Moving to a more basic level, moving to a single payer system modeled after an expansion of the medicare/medicaid system would undoubtedly lead to significant cuts in physician pay. The reason for this is simple, every visit and procedure would result in less money going to the doctor. If you want to talk about direct impacts on physicians, that’s the obvious result.
This isn’t getting into whether or not what you want for health care is right or not. The discussion here is about the palatability of single payer system to physicians, hospitals and insurance companies. While insurance companies opposition is frankly obvious, the physicians and hospitals won’t go for it unless they wouldn’t face massive cuts. That’s what makes their opposition frankly obvious, even if the ACA wasn’t passed.
Why do doctor salaries need to be cut? The real problem is the trillions getting sucked out of the system by the ruling class for decades.
You have bought into the propaganda. Period.
They don’t necessarily have to I suppose, but I’ve yet to see a single payer proposal that wouldn’t lead to cuts in physician pay.
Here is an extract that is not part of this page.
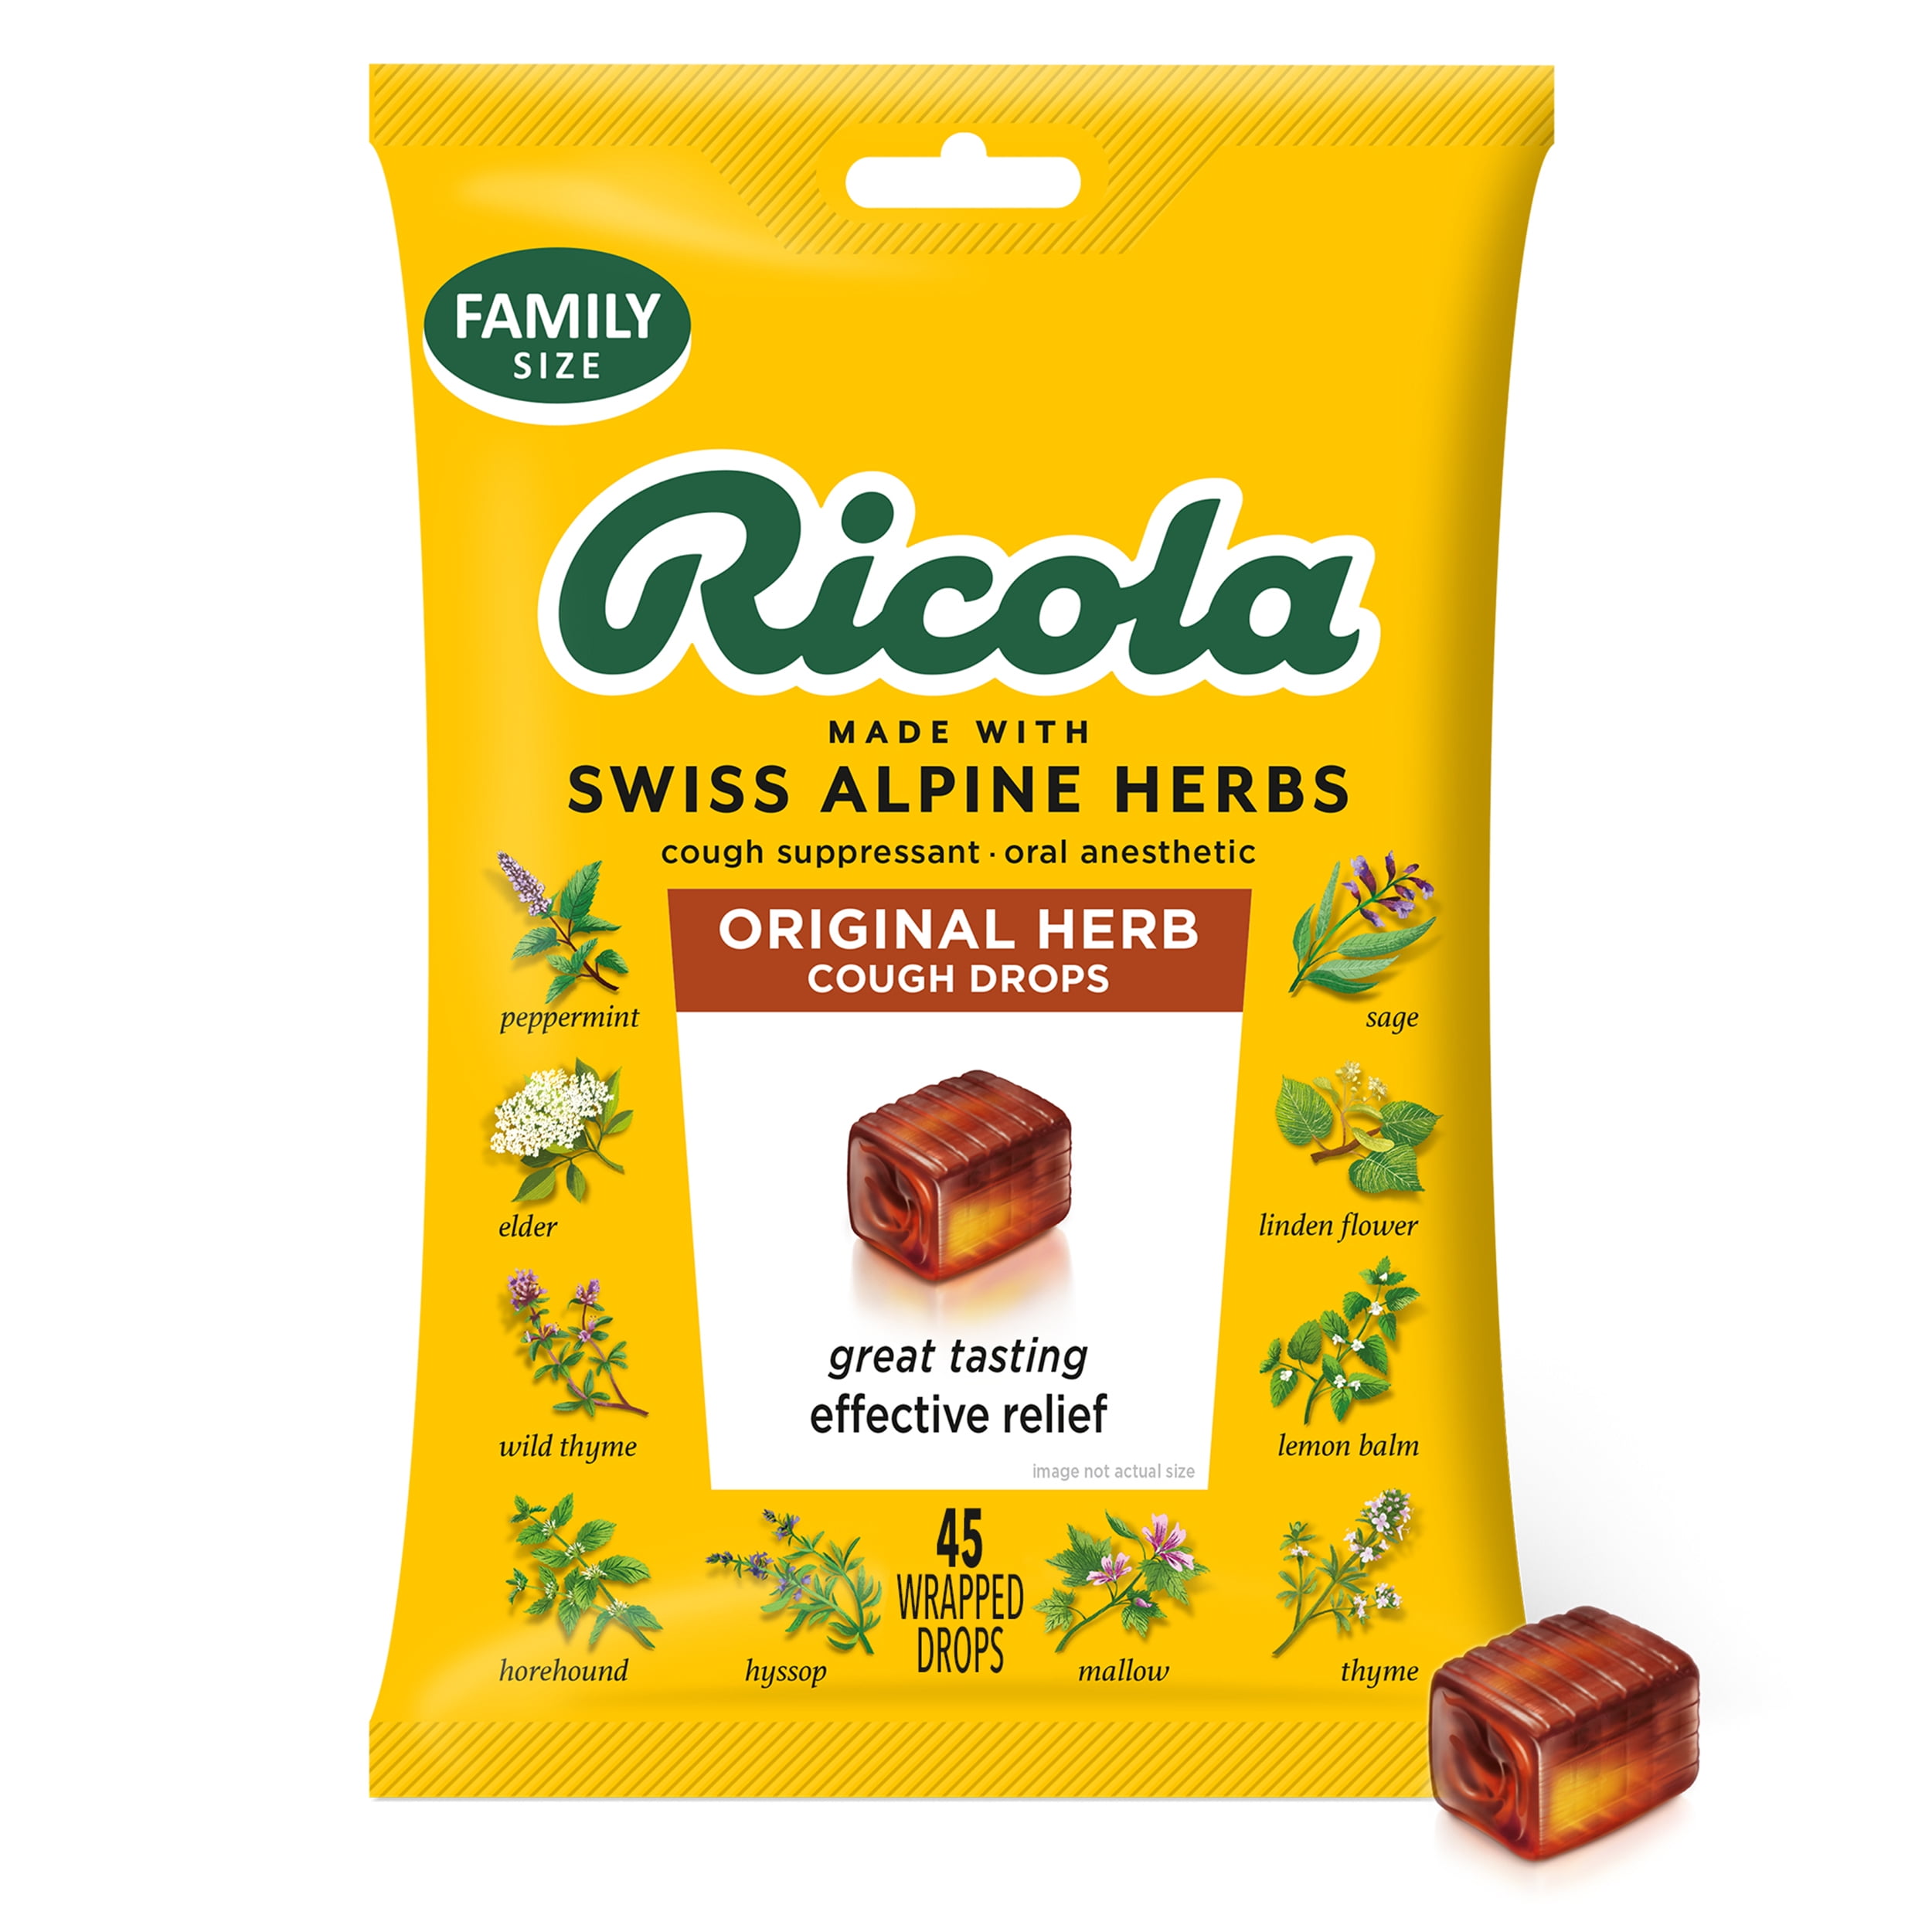 Ricola Cough Drops, Soothing Relief for Dry, Sore Throat, Original Herb, 45 Count

Admittedly most single payer plans for America are thin on details, but most revolve around paying medicare/medicaid rates.
For ER physicians specifically, who mostly work in private groups separate from the hospital making this profit/non-profit/board members stuff irrelevant, physicians bill for visits and procedures. Visits are classified in levels 1 through 5 paid at a certain rate, with procedures like intubation, central lines, lacerations, sedations, reductions, etc being billed separately. Medicare/Medicaid pay at lower rates for those things generally compared to private insurance companies. That’s why it would cut doctor’s salaries.
I haven’t bought into propaganda, I’m just a lot more informed on these issues on this than you. That stuff literally goes into my paycheck man, we pay attention to that shit. Again, it’s profoundly arrogant to just state that you are simply smarter than doctors when it comes to what they do and how they get paid while comparing them to hillbillies.
And finally, all of that is completely separate from whether or not various single payer systems are a good idea for society at large. You can easily make an argument that it’s a good idea. That doesn’t mean you get to employ magical thinking to upend reality. It won’t help you get anything done either.
To add on it’s perfectly possible to setup a single payer system that pays USA docs just as much. It just isn’t really part of any proposal I’ve seen.
I’m not saying I am smarter than you. I’m saying if your main argument is that doctors will take a paycut that seems kind of shallow. There is nothing that says doctors can’t be fairly compensated without the soulless ghouls at the top of the pyramid scheme. Where do you think the board of your hospital and the major owners (whether for profit or not) make their money from? It’s from your labor. You are in the labor class. Not the ownership class. Denying people’s health care because you are afraid to make less money ignores the reality of our current system.
How many BMWs and vacation homes do doctors need before we can have health care?
My wife is a doctor and her and her friends are very uncomfortable with this question. Which tells me that people designing health care systems should probably be asking it more. I realize doctors aren’t the villains in the story but they are a powerful voice in how health care resources are distributed.
I don’t really care what the status quo is. I care whether it’s a good idea or not.
Yeah, it probably would be a massive shock to the industry. I’m much more concerned about the shock of people in a country with an obscene level of wealth dying because they lack stuff that is really basic stuff in dozens of other countries.
BTW, I’m not trying to shit on doctors or anything. This goes for anything else too.
It would upset the status quo if we cut the military budget by a few hundred billion dollars a year. It’s still a good idea.